Records from a data source:
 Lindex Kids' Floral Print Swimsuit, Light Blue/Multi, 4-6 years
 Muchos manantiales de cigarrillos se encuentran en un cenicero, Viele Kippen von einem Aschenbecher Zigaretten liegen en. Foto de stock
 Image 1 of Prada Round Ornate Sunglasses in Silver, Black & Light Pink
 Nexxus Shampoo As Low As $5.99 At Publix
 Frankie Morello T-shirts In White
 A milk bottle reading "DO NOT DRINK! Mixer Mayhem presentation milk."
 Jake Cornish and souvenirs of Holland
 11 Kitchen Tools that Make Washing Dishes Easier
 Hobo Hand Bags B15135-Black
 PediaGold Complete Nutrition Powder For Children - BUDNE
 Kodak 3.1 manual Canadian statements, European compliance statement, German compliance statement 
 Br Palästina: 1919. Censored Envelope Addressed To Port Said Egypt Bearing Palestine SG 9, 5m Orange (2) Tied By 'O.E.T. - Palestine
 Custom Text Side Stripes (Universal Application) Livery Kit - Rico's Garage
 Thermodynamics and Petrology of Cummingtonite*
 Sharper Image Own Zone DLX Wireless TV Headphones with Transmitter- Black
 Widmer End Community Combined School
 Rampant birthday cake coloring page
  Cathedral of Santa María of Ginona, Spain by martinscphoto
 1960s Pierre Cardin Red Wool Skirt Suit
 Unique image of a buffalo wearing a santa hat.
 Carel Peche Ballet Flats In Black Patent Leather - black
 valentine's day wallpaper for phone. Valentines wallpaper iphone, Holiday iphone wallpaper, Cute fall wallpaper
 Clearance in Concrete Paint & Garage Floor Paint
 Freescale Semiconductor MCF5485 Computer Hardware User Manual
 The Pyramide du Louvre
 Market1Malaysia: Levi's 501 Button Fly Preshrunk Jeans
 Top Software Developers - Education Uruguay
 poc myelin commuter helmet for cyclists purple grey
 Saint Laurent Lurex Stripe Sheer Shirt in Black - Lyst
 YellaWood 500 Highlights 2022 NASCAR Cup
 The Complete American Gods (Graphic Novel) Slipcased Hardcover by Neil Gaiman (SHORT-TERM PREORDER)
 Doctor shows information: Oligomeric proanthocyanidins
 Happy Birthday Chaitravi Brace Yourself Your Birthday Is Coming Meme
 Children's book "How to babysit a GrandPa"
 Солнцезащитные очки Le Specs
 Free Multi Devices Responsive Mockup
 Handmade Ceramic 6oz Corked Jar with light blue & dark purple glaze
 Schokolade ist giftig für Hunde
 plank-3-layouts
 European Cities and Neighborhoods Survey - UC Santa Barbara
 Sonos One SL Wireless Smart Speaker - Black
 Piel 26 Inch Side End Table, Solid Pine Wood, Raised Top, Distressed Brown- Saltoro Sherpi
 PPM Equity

**Required work:**
Each line above from the one with "Thermodynamics and Petrology" up to and including the one with "Unique image of" must be set down exactly, and no line outside that span may appear.

**Expected answer:**
 Thermodynamics and Petrology of Cummingtonite*
 Sharper Image Own Zone DLX Wireless TV Headphones with Transmitter- Black
 Widmer End Community Combined School
 Rampant birthday cake coloring page
  Cathedral of Santa María of Ginona, Spain by martinscphoto
 1960s Pierre Cardin Red Wool Skirt Suit
 Unique image of a buffalo wearing a santa hat.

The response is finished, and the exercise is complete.